Medio 2019 is een programmadirecteur aangetrokken om tot een structureel sluitende aanpak van de interne dienstverlening te komen. Hieraan wordt invulling gegeven met businesscases die leiden tot kwaliteitsverbetering en meer efficiëntie in de bedrijfsvoering. De businesscases omvatten zowel de bestaande bezuinigingsopgave als op de in 2019 in kaart gebrachte ontwikkelingen. Het betreft een samenhangende aanpak waarin primair gekeken wordt naar de besparingen ten aanzien van externe inhuur, inkoop, huisvesting en met behulp van digitalisering. Daarbij is ook ruimte gevonden om te investeren in de verdere organisatieontwikkeling: digitalisering van in- en externe dienstverlening, investeren in competenties en werkplezier van onze medewerkers. Een uitgebreidere analyse vindt u in het overzicht Overhead.

Toelichting op de overige financiële resultaten

Voor zover relevant worden hieronder de significante financiële resultaten per programma toegelicht.

College en Bestuur
In 2019 werd de gemeente geconfronteerd met een bestuurscrisis. Als gevolg hiervan traden twee wethouders en de burgemeester af. Hiervoor is op grond van de geldende wetgeving een voorziening wachtgeld getroffen van € 0,4 mln.

Onderwijs
Het programma Onderwijs realiseerde een tekort van € 3,0 mln. Dit komt vooral door een sterk gestegen beroep van het leerlingenvervoer (€ 0,8 mln.), een overbesteding op subsidies (€ 2,1 mln.) en de aanpak om het lerarentekort terug te dringen (€ 1,0 mln.). Tegenover genoemd nadeel op het lerarentekort staat een even groot voordeel op programma Financiën, als onderdeel van de taakmutaties gemeentefonds

Werk en inkomen
Het resultaat op werk en inkomen is voornamelijk toe te schrijven aan de bijstandsverlening, waar we zien dat het landelijke verdeelmodel steeds beter de Haagse werkelijkheid volgt en dat de 500+ aanpak zijn vruchten afwerpt. Per saldo leidde dit tot een voordeel op het programma. De 500+ aanpak is een meerjarige programma. Per jaar kunnen verschillen ontstaan in de uitvoering. In 2019 moest het programma nog op stoom komen. Hierdoor is circa € 1 mln. minder uitgegeven dan begroot. Deze middelen blijven beschikbaar voor de uitvoering van het programma in de volgende jaren.

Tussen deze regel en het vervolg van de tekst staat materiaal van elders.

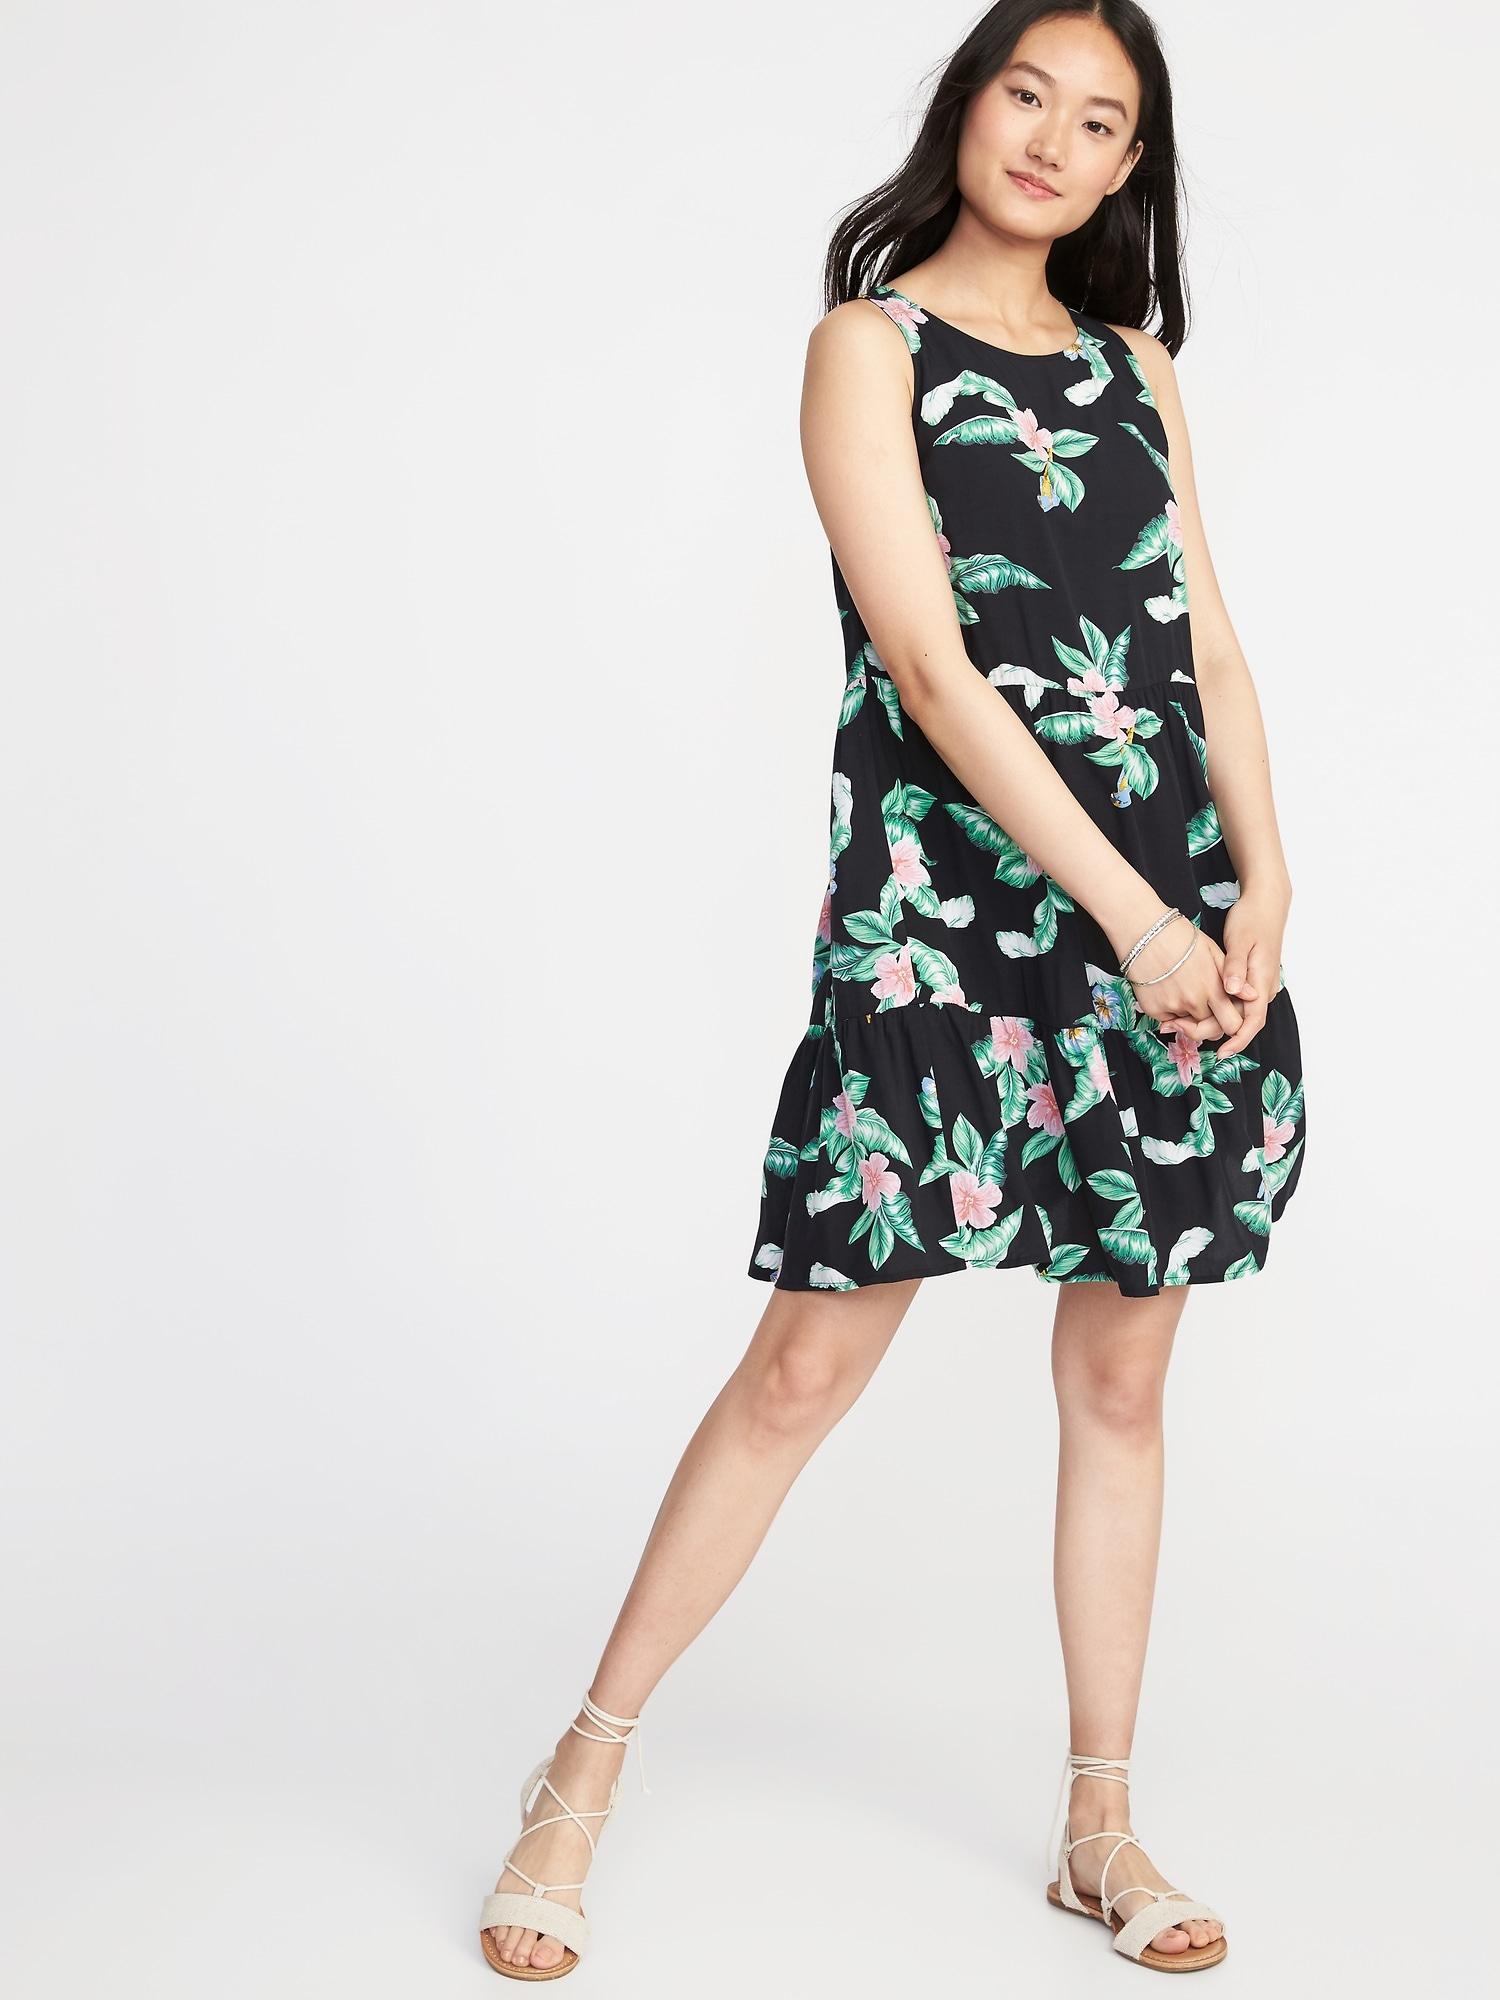 004260e9f1446 Sleeveless Tiered Swing Dress for Women

Zorg, welzijn, jeugd en volksgezondheid
Naast de eerder benoemde ontwikkelingen bij zorg en jeugdhulp, speelt binnen programma 8 een derde ontwikkeling met een impact op het financiële resultaat. Het aantal daklozen nam het afgelopen jaar toe, net als in de rest van het land. Hierdoor wordt een groter beroep op de maatschappelijke opvang gedaan. In 2019 heeft de gemeente de opvangplekken verbeterd door deze onder andere meer te richten op doelgroepen. Hierdoor is in 2019 € 2,9 mln. meer uitgegeven dan begroot. In het coalitieakkoord en de meerjarenbegroting is overigens voorzien in deze ontwikkeling door hiervoor € 8,3 mln. voor 2019 t/m 2023 extra uit te trekken. Samen met enkele voordelige ontwikkelingen binnen de zorg wordt hiermee het uiteindelijke resultaat verklaard.

Buitenruimte
Het resultaat op het programma Buitenruimte wordt voor de helft verklaard doordat het vervangen van de gekapte populieren is vertraagd doordat het meer tijd kostte een plan uit te werken waarbij de verkeersdoorstroming en -veiligheid gewaarborgd bleef (€ 1,7 mln.). De noodzakelijke kap van de zieke populieren vindt nu in 2020 plaats. Het overige deel van het resultaat is een samenstelling van diverse posten, waar in het programma zelf nader op wordt ingegaan.

Mobiliteit
Het resultaat op het programma Mobiliteit wordt in hoge mate verklaard door de Fietsenstalling KJ-Plein. De doelstelling was deze in 2019 op te leveren en bij oplevering € 14 mln. af te waarderen tot een marktwaarde van nihil. Op basis van nieuwe inzichten is de conclusie getrokken dat de Fietsenstalling niet afgewaardeerd dient te worden, maar geactiveerd en vervolgens afgeschreven. Tegenover het voordeel op het programma Mobiliteit staat een even groot nadeel op het programma Financiën, waardoor gemeentebreed geen sprake is van een financieel resultaat. In 2020 wordt de begroting op de nieuwe situatie aangepast.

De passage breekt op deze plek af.